I’m a child of the very late Seventies. I grew up in a world where (British) boys’ comics were dominated by war stories rather than science fiction or superheroes, where literally everyone knew several people who had fought in World War Two - and almost everyone someone who could remember World War One. That war was the ever-present past. I am, as a friend who teaches history neatly phrased it "Of the last post-war generation." After me, the generations are post-post-war. They are free. The moral clarity of the war against Hitler has, in the end, been a curse on British culture - a distorting mirror in which we can always see ourselves as heroes. 
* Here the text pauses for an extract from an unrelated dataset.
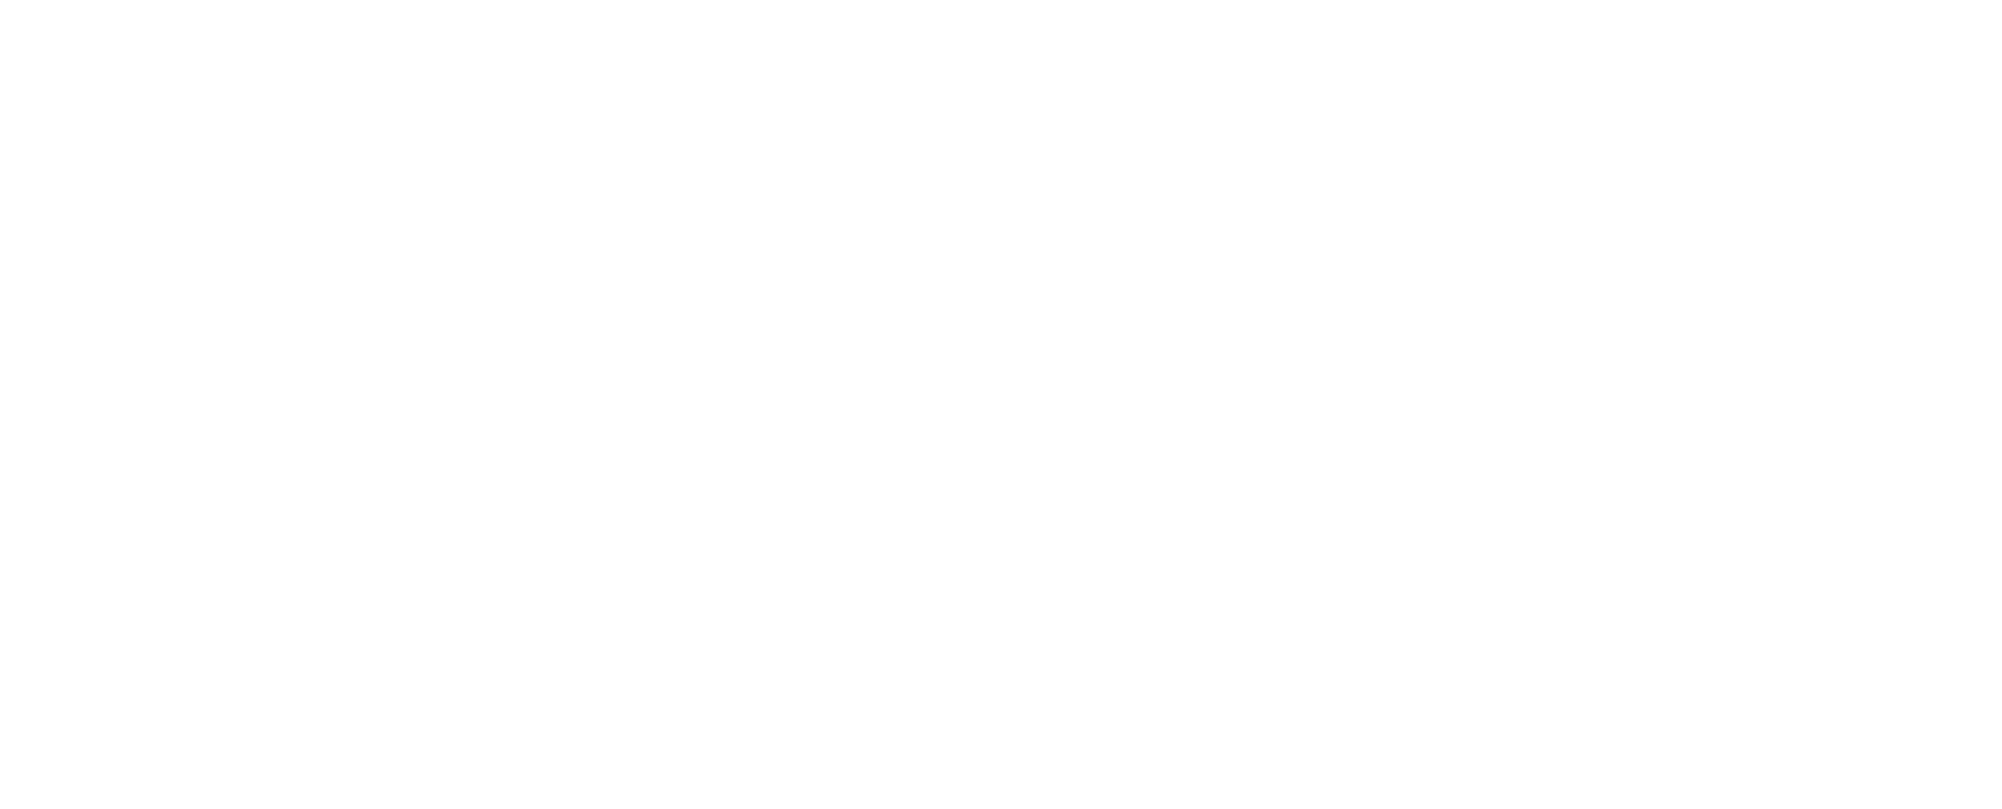 Top Dog Information

But, not, of course, all other generations. The war generation collectively (I make no claim that there were not exceptions) understood what the war was. Which meant they understood that the European Union was, and is, its antonym, not an extension of it. Unlike their children and the eldest of their grandchildren, they had real experience of the conflict, they hadn’t just grown up surrounded by films about how great Britain was during it.

The Prime Minister who, or so he thought, had secured Britain’s European destiny had also, as he related in his autobiography, seen the devastation wrought by that conflict, including by shells he himself had given the order to be fired. Like Helmut Kohl, whose worshipped, conscripted older brother died pointlessly fighting for Hitler, and Francois Mitterrand, himself captured during the fall of France, his experience was real and lived, not second hand.

This can be seen even in the voting in 2016 referendum. That the young principally voted Remain and the old voted Leave has been often noted. But if you break that over-65 vote up further, there’s a substantial flip to back towards Remain amongst the oldest voters, the survivors of the survivors of World War Two. After all, someone who is 65 today was born nearly a decade after the war ended. It was their parents’ war, not their own. A war that has been appropriated, and for purposes of which those who fought in it would, collectively, not approve.

Let’s return to Dad’s Army, after all, BBC Two does often enough. Don’t Panic! The Dad’s Army Story (2000) a cheerful history of the sitcom great written and presented by Victoria Wood contains a telling juxtaposition of interviewees. The series' surprising continued popularity is discussed and Wendy Richard (born 1943) expresses a nostalgia for the war years, and how people banded together during them. This is a sentiment which Clive Dunn (born 1920) bluntly dismisses. “Like most people I had a foul war,” he says, and disgust and horror briefly pass across his face.

It’s the difference between those who remember war, and those who only remember war films.